Smart leaders know this. They build leadership teams that help check their blind spots. There is early evidence that Barrack Obama is unusually thoughtful in this respect.

The Obama transition has been almost as thrilling as the campaign. It has been a second political masterpiece that has left even Republicans mouths agape (neocon Max Boot declared himself "gobsmacked" by the appointments and Rush Limbaugh actually endorsed Hillary for State.) His appointments validate my hope that he will be a more centrist President than candidate. Overall, I like his appointments more than the ones I recommended here.

Obama’s strengths include the ability to think about large scale problems, a natural celebrity, and a remarkably gentle disposition. Which is why he now needs to think small, pop his celebrity bubble, and get ready for tough love.


THINK SMALL

In Washington, size matters. The city even prohibits any building taller than the Washington Monument so that our ten story national phallus can dominate the geometric center of our capital.

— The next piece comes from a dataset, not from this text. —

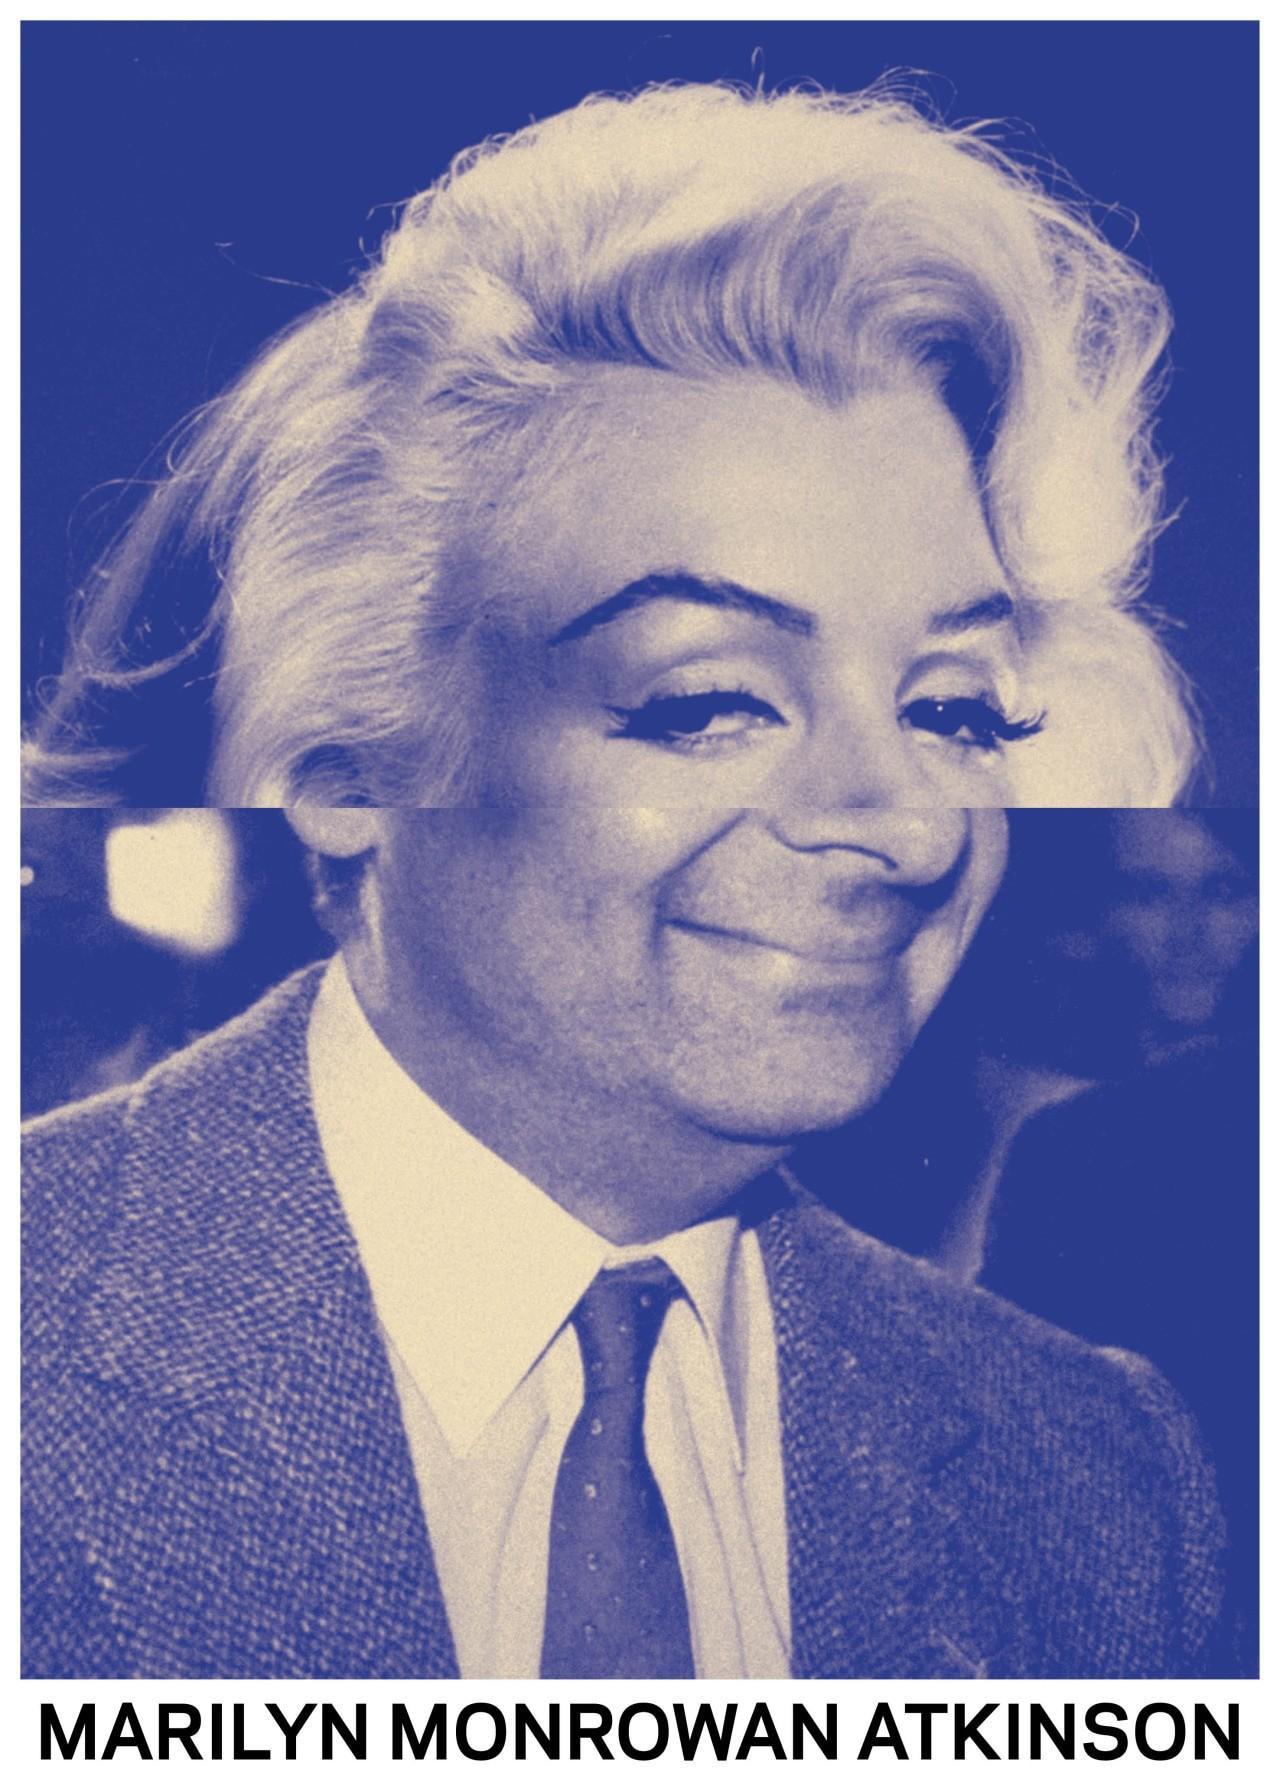 Marilyn monrowan atkinson

The Obama economic advisory team
reflects this preference for large institutions. It consists of two economists (Laura Tyson and
Larry Summers), both former Clinton officials from large
universities. It is mostly made up of current or former heads of large government organizations and includes the CEOs of Google, AOL, and Xerox, as well as mega-finance
icons Bob Rubin, Paul Volker, and Warren Buffett.

Economic_advisors_2
It’s a great group.
The seven of these folks that I have encountered closely enough to have a view are highly capable and I’d bet the rest are as well.

But it is full of people from large and/or public institutions. The group contains no entrepreneurs who have started, financed, or grown small businesses. This matters less because this group will get the answers wrong than that important problems or solutions will not be on their screen.

Remember Chris Hughes. At age 24,
Hughes had already co-founded a little start up called Facebook with his college
roommate when he decided to leave his company to serve as coordinator
of online organizing for the Obama campaign. Hughes’
contribution was absolutely critical in electing Obama
President. It’s not just that traditional campaign advisers did not
understand how to use social media in a political campaign — it’s that
they did not fully grasp either the question or the opportunity.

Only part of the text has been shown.